- YOUR ASSIGNMENT
Locate "6pcs Deer Alert" in the data below, then output the line it is on and all following lines through the last, word for word. Skip any pictures.

PROVIDED DATA section start

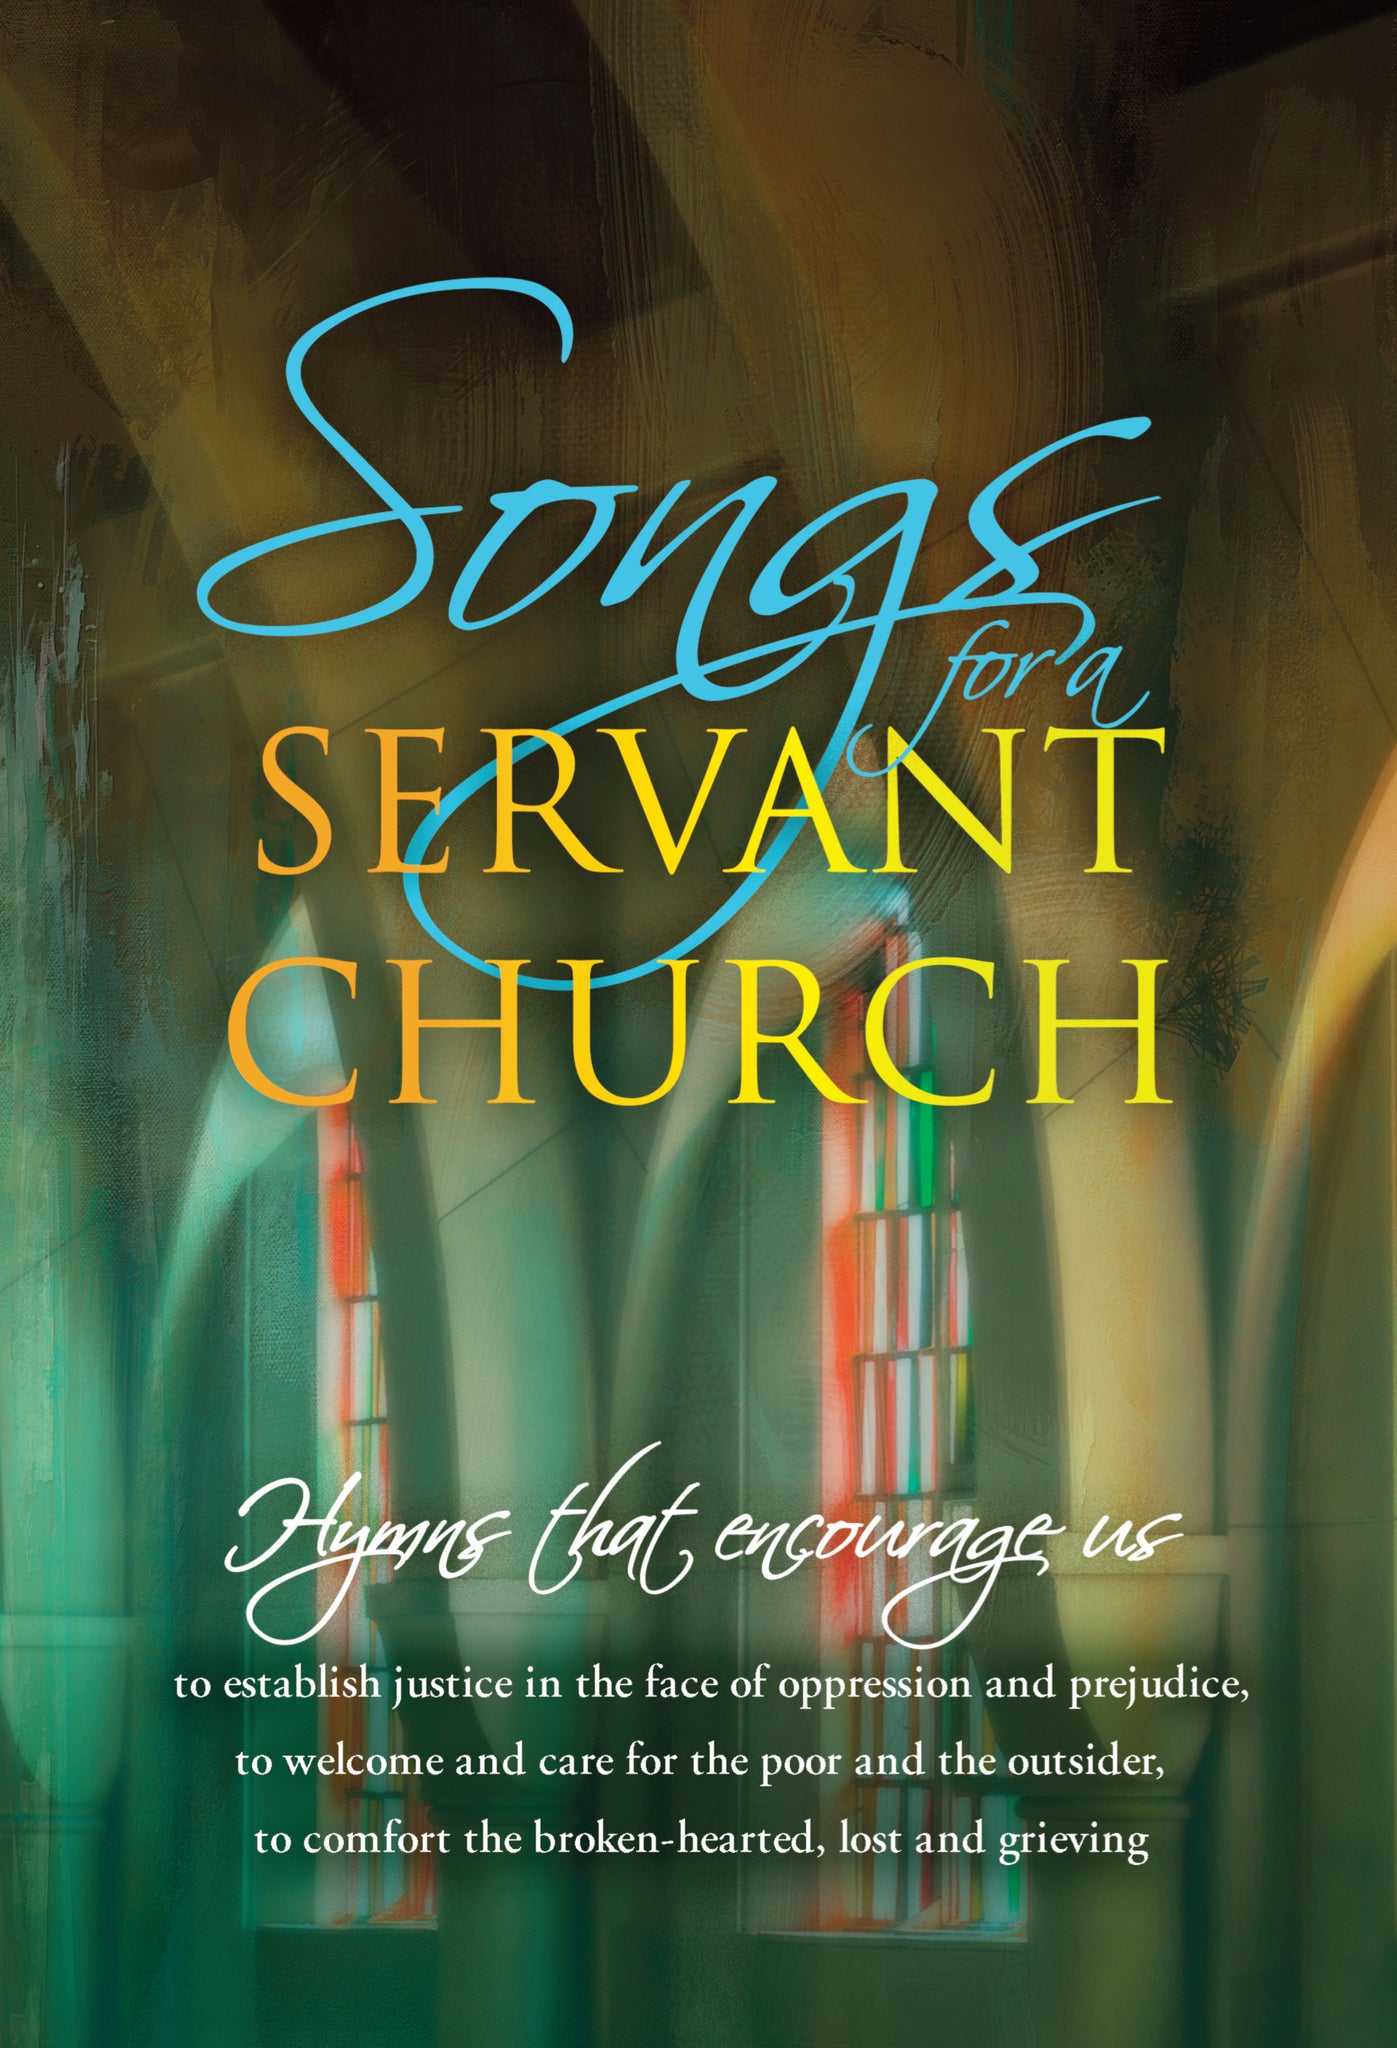 Songs For A Servant Church (Cox)   Songs For A Servant Church (Cox)   
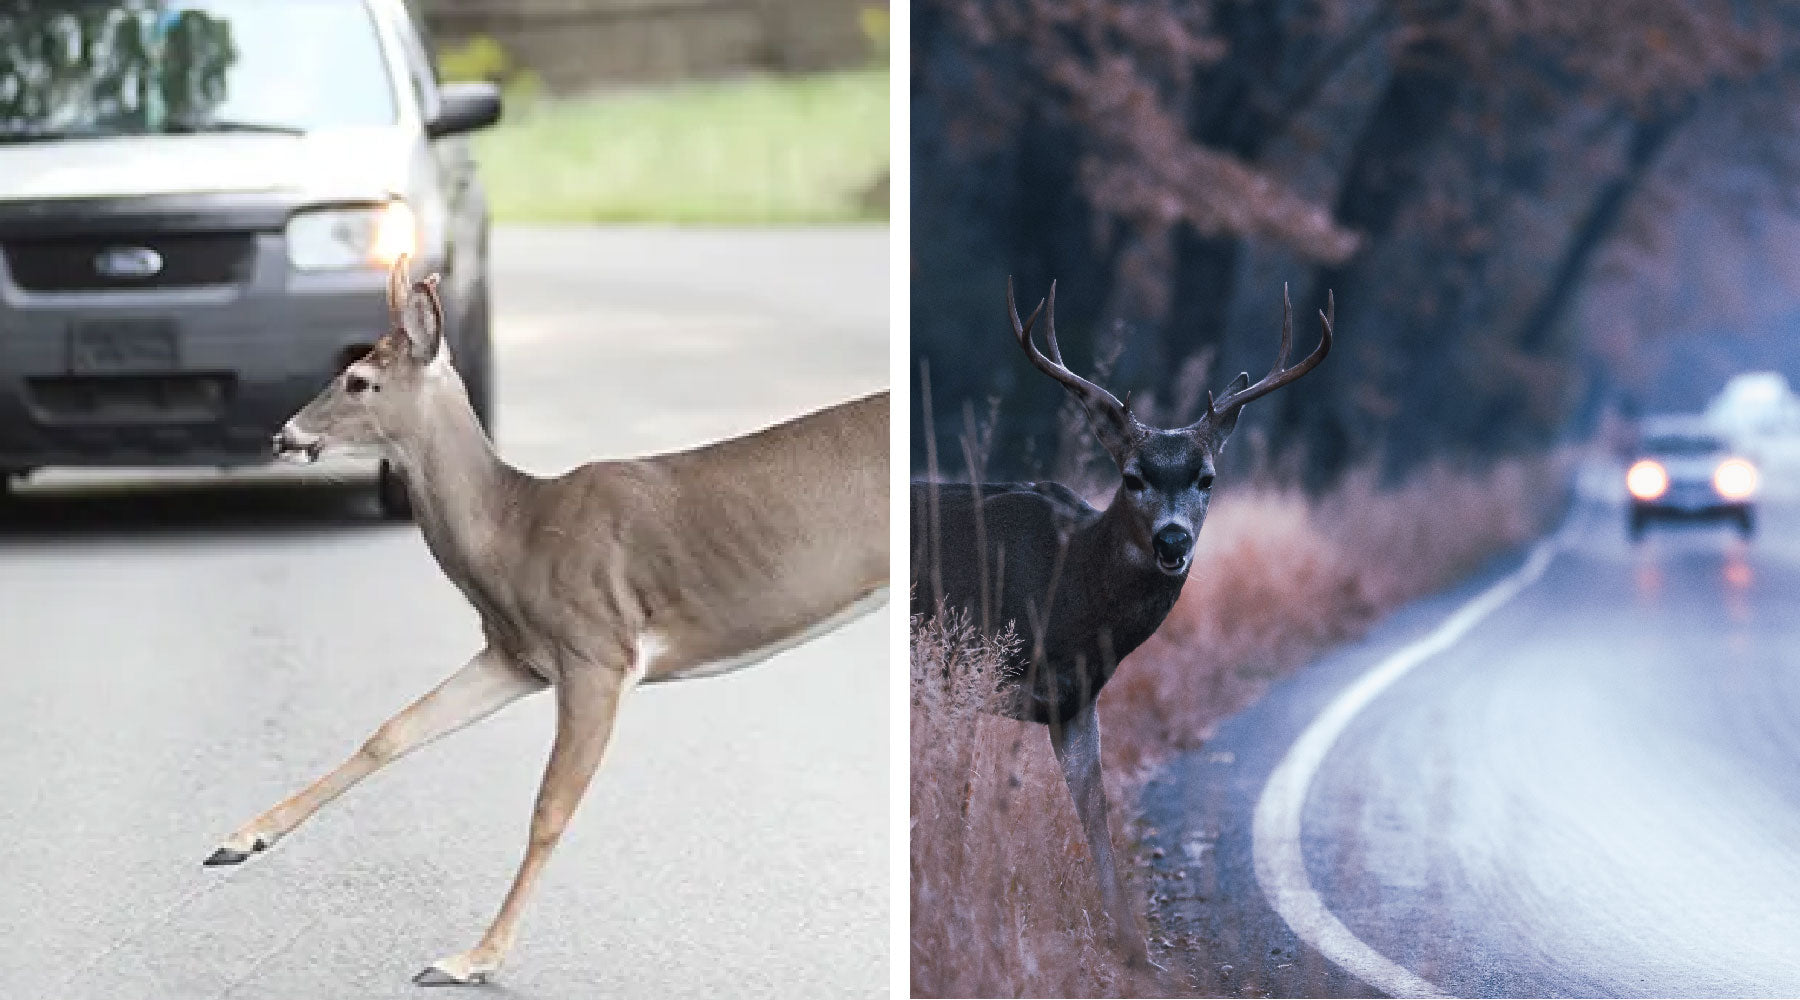 6pcs Deer Alert For Vehicles Avoids Deer Collisions Car Deer Warning Black  Ultrasonic Wildlife Warn
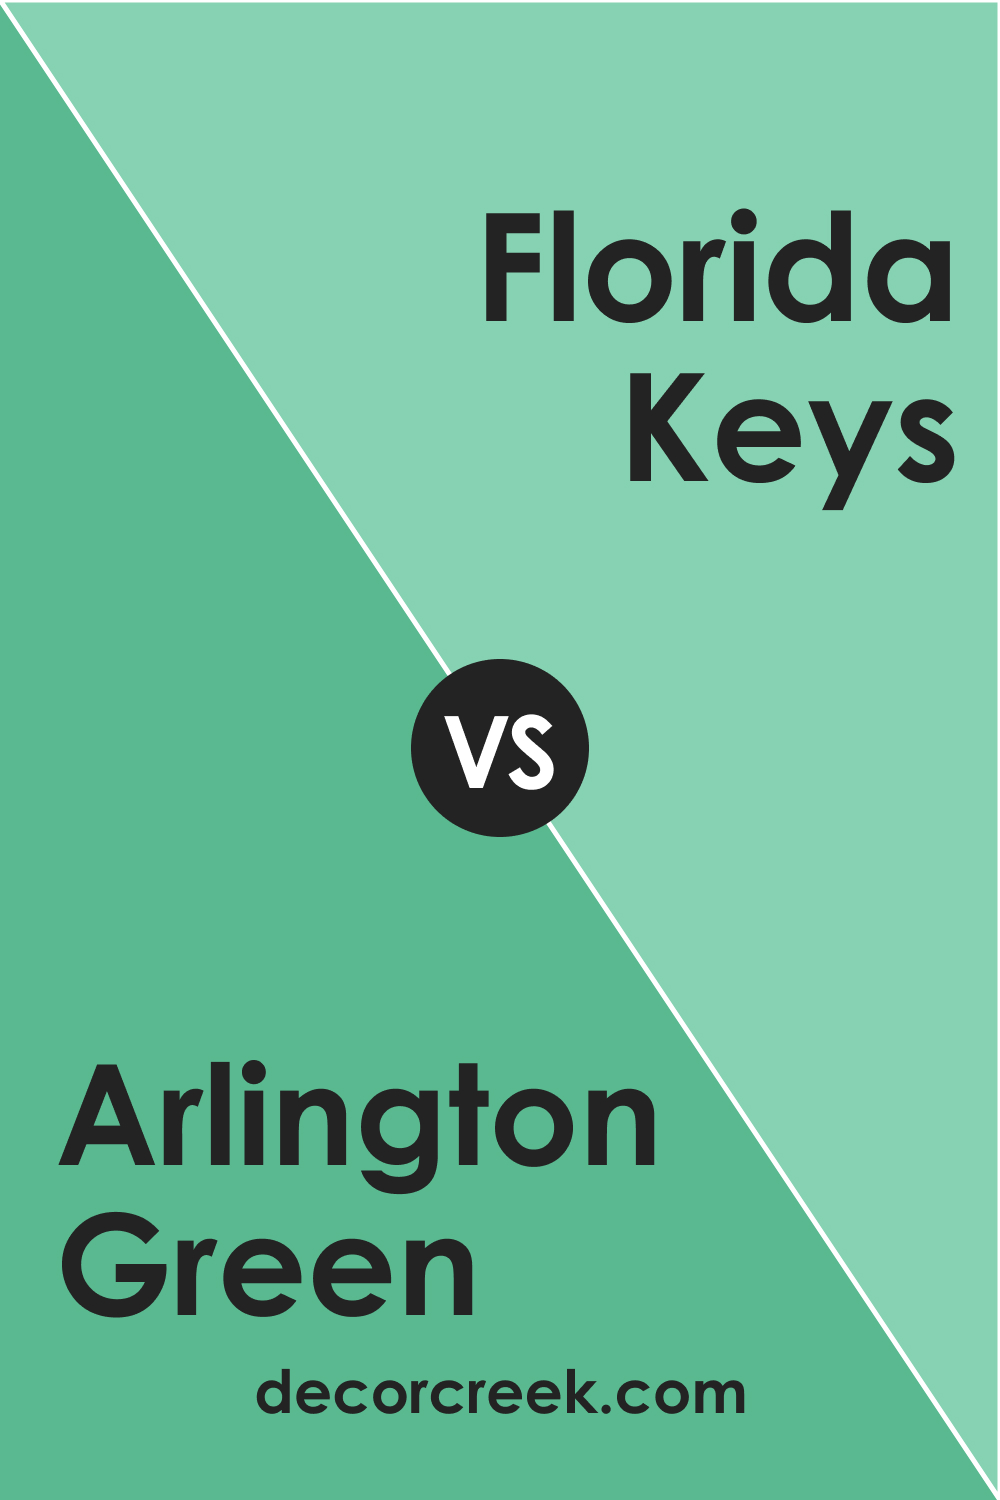 Arlington Green 580 vs. BM 578 Florida Keys

PROVIDED DATA section end

- ANSWER BOX
 6pcs Deer Alert For Vehicles Avoids Deer Collisions Car Deer Warning Black  Ultrasonic Wildlife Warn
 Arlington Green 580 vs. BM 578 Florida Keys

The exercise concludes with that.